Oliver Hahl on status and authenticity

by on November 27, 2012 at 6:49 am in Economics, Philosophy | Permalink

He is on the job market from MIT, Sloan School, here is his intro, here is his home page.  Here is one of his pieces (pdf), with Ezra Zuckerman, which I found fascinating:

The Denigration of Heroes: Why High-Status Actors are Typically Viewed as Inconsiderate and Inauthentic

We develop theory and report on experiments that address the tendency for high-status actors to be deemed—even by high-status actors themselves—less considerate and more inauthentic than low-status actors.   We argue that this tendency, which potentially contradicts the fact that status is accorded on the basis of an actor’s capability and commitment, stems from two paradoxical features of typical status attainment processes: (a) The benefits of a high-status position typically carry an incentive to feign capability and commitment, thereby leading to suspicions of inauthenticity; and (b) Status is typically achieved through interaction patterns in which the high-status actor asserts its superiority and another’s inferiority, thereby leading to suspicions of inconsiderateness.  Three experimental studies are designed to validate this theory and help rule out an alternative hypothesis, whereby the negative correlation between status and morality derives from a psychological need for viewing the world as just or fair–leading evaluators to compensate those who lack status with higher attributions of morality.  Our studies, based on the “minimal group” paradigm, ask subjects to evaluate two arbitrary social categories based on members’ performance in a joint cognitive task.  Implications are drawn regarding high-status insecurity and the sources of instability in status hierarchies.
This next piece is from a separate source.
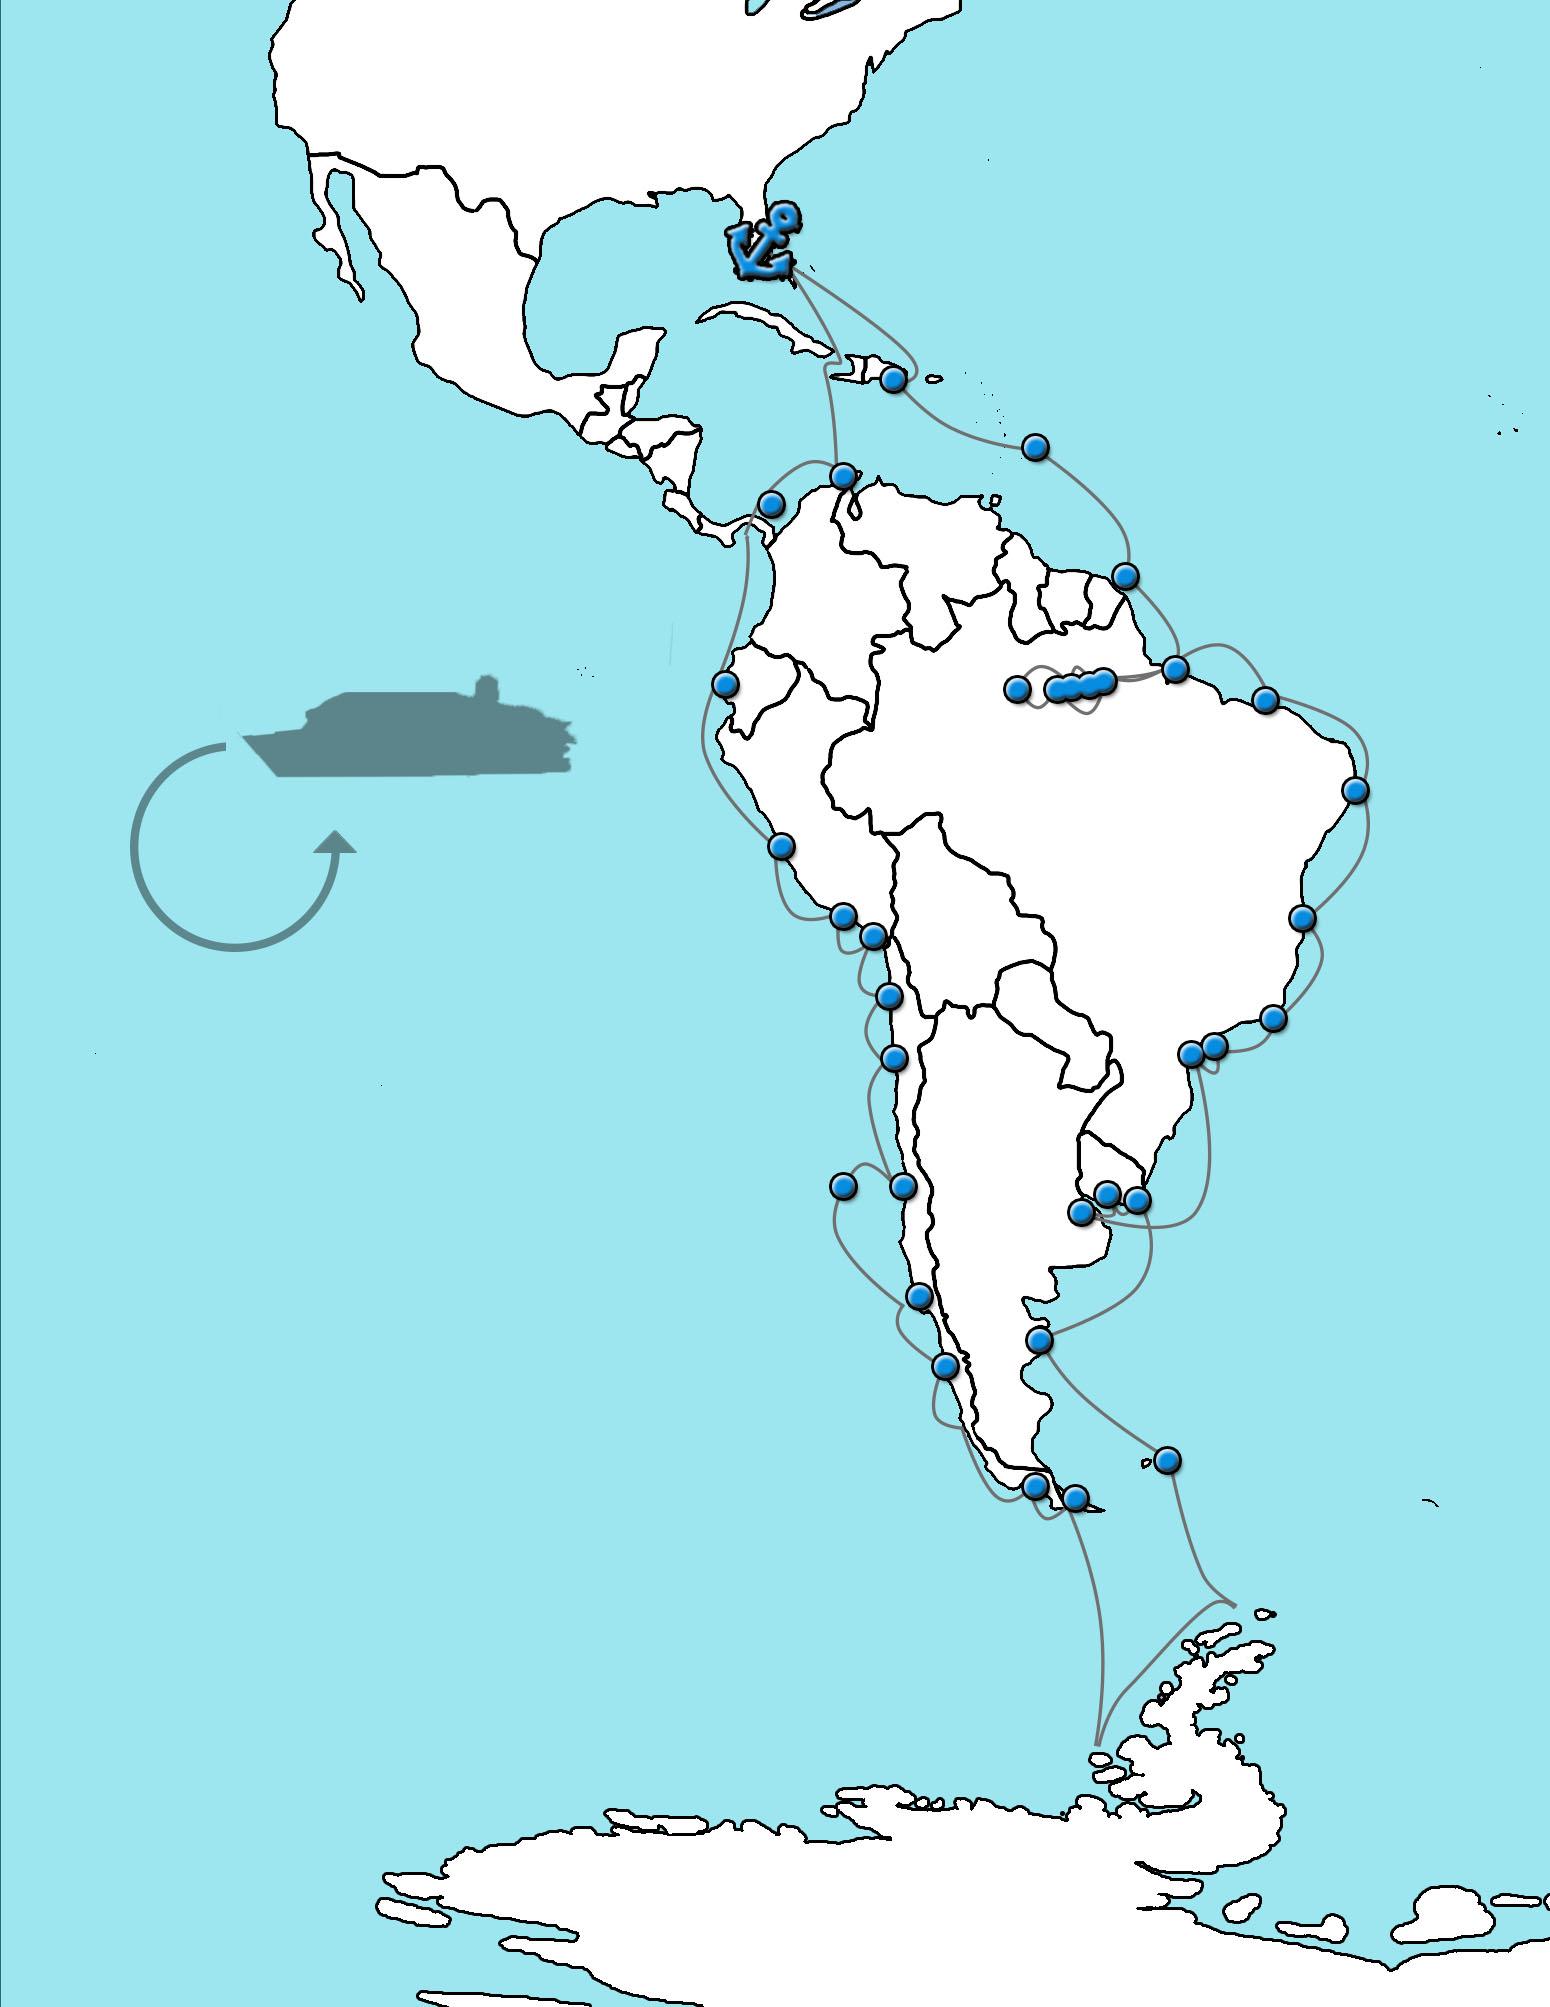 Grand voyage Zuid Amerika 2021 HAL

As I do every year, I have been surveying some of the more interesting papers on the academic job market.

Ray Lopez November 27, 2012 at 7:11 am

I don’t know much about superheroes, but I do recall a African-American fellow about 15 years ago who was a pilot of his own airplane, a war hero of some sort, and role model for young people. Unfortunately, he was busted for drug trafficking at the airport he flew his plane into. Apparently his high status confirmed him some sort of privilege that he was able to exploit. Before you say this is one-off, I’ve heard from unofficial sources that diplomats smuggle black market goods in those diplomatic pouches that are supposed to have state secrets in them and are never opened, just x-rayed, at airports. So there’s an arbitrage market for reputation and high-status actors.

Saturos November 27, 2012 at 8:18 am

Why hasn’t Overcoming Bias done a post on this yet?

Steve Sailer November 27, 2012 at 8:24 am

Shouldn’t they find a less ambiguous term than “high status actor?” I immediately started thinking about Daniel Day-Lewis.

NeedleFactory November 27, 2012 at 3:17 pm

Agreed. I instantly thought about Hollywood actors. Fortunately, I’ve read Mises’ “Human Action” and could correct myself.

Steve Sailer November 27, 2012 at 8:27 am

Reminds me of back in the 1970s when LAPD spokesmen adopted the term “actor” because “perpetrator” sounded too judgmental: e.g., “Police officers found the actor molesting the child” or “The actor was beating the old lady with a baseball bat.” The Screen Actors Guild finally talked the LAPD into going back to using “perp.”

The Usual Suspects November 27, 2012 at 11:08 am

“Suspect” is neutral enough methinks.

The Anti-Gnostic November 27, 2012 at 8:28 am

Hence the liberals’ contempt for all the bitter-clingers with their high status guns and Bibles.